Depardieu addressed Arnould's accusations in an open letter published by Le Figaro on October 1, 2023. In it, he claimed he was “neither a rapist nor a predator.” Without mentioning Arnould by name, Depardieu said: “A woman came to [his] home for the first time, easily and willingly entering [his] Bedroom. She says today that she was raped there.”

On June 19, 2023, a confrontation between Depardieu and Arnould occurred in the judge's office. In September 2023, Depardieu came under fire again after Mediapart published a sensational investigative report in which the actor was accused of sexual misconduct by 13 women.

One of these 13 women, Hélène Darras, an actress with whom Depardieu worked in the 2007 comedy “Disco,” filed a complaint of sexual harassment last September. However, the public prosecutor's office decided to dismiss the case because it was time-barred.

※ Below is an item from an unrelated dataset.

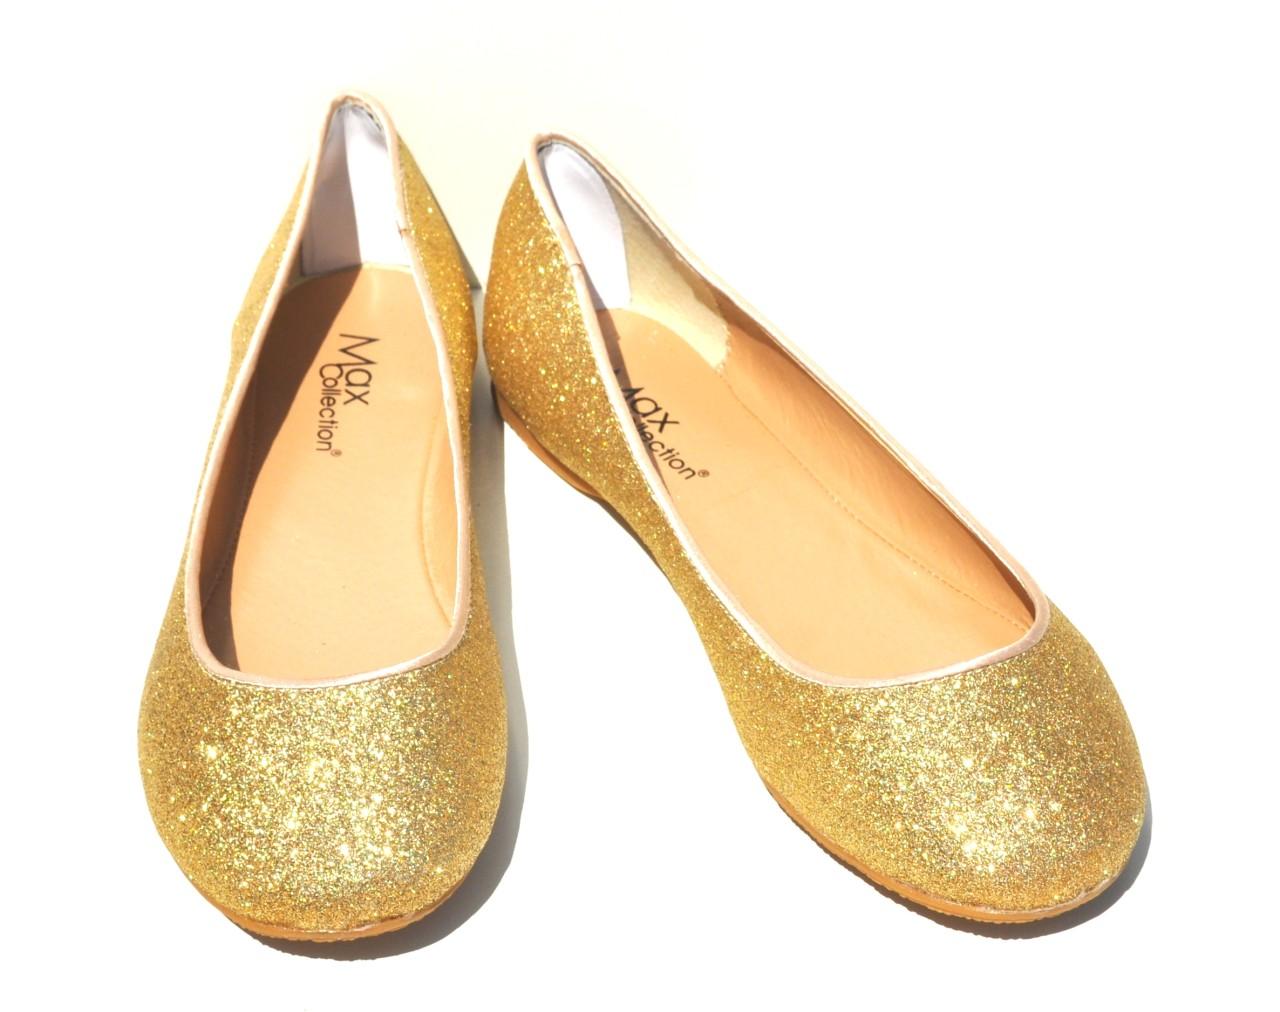 Gold Sandals Juli 2014

Last December, Depardieu unwittingly sparked a turning point in the #MeToo movement in France when an investigative documentary aired in which he was seen making sexually inappropriate and obscene jokes, including one about a child riding a pony, while filming in North Korea. The documentary was seen by 2.2 million people on the public broadcaster France Television.

Despite all the scandals, French President Emmanuel Macron stood by Depardieu and refused to abolish his Legion of Honor.

“I am a great admirer of Gérard Depardieu,” said Emmanuel Macron on the set of the primetime TV magazine “C'est à vous” when asked to comment on Depardieu's decline last December. “He is a great actor who has recited some of the most beautiful texts. He has made France, our greatest authors, our greatest characters known throughout the world.”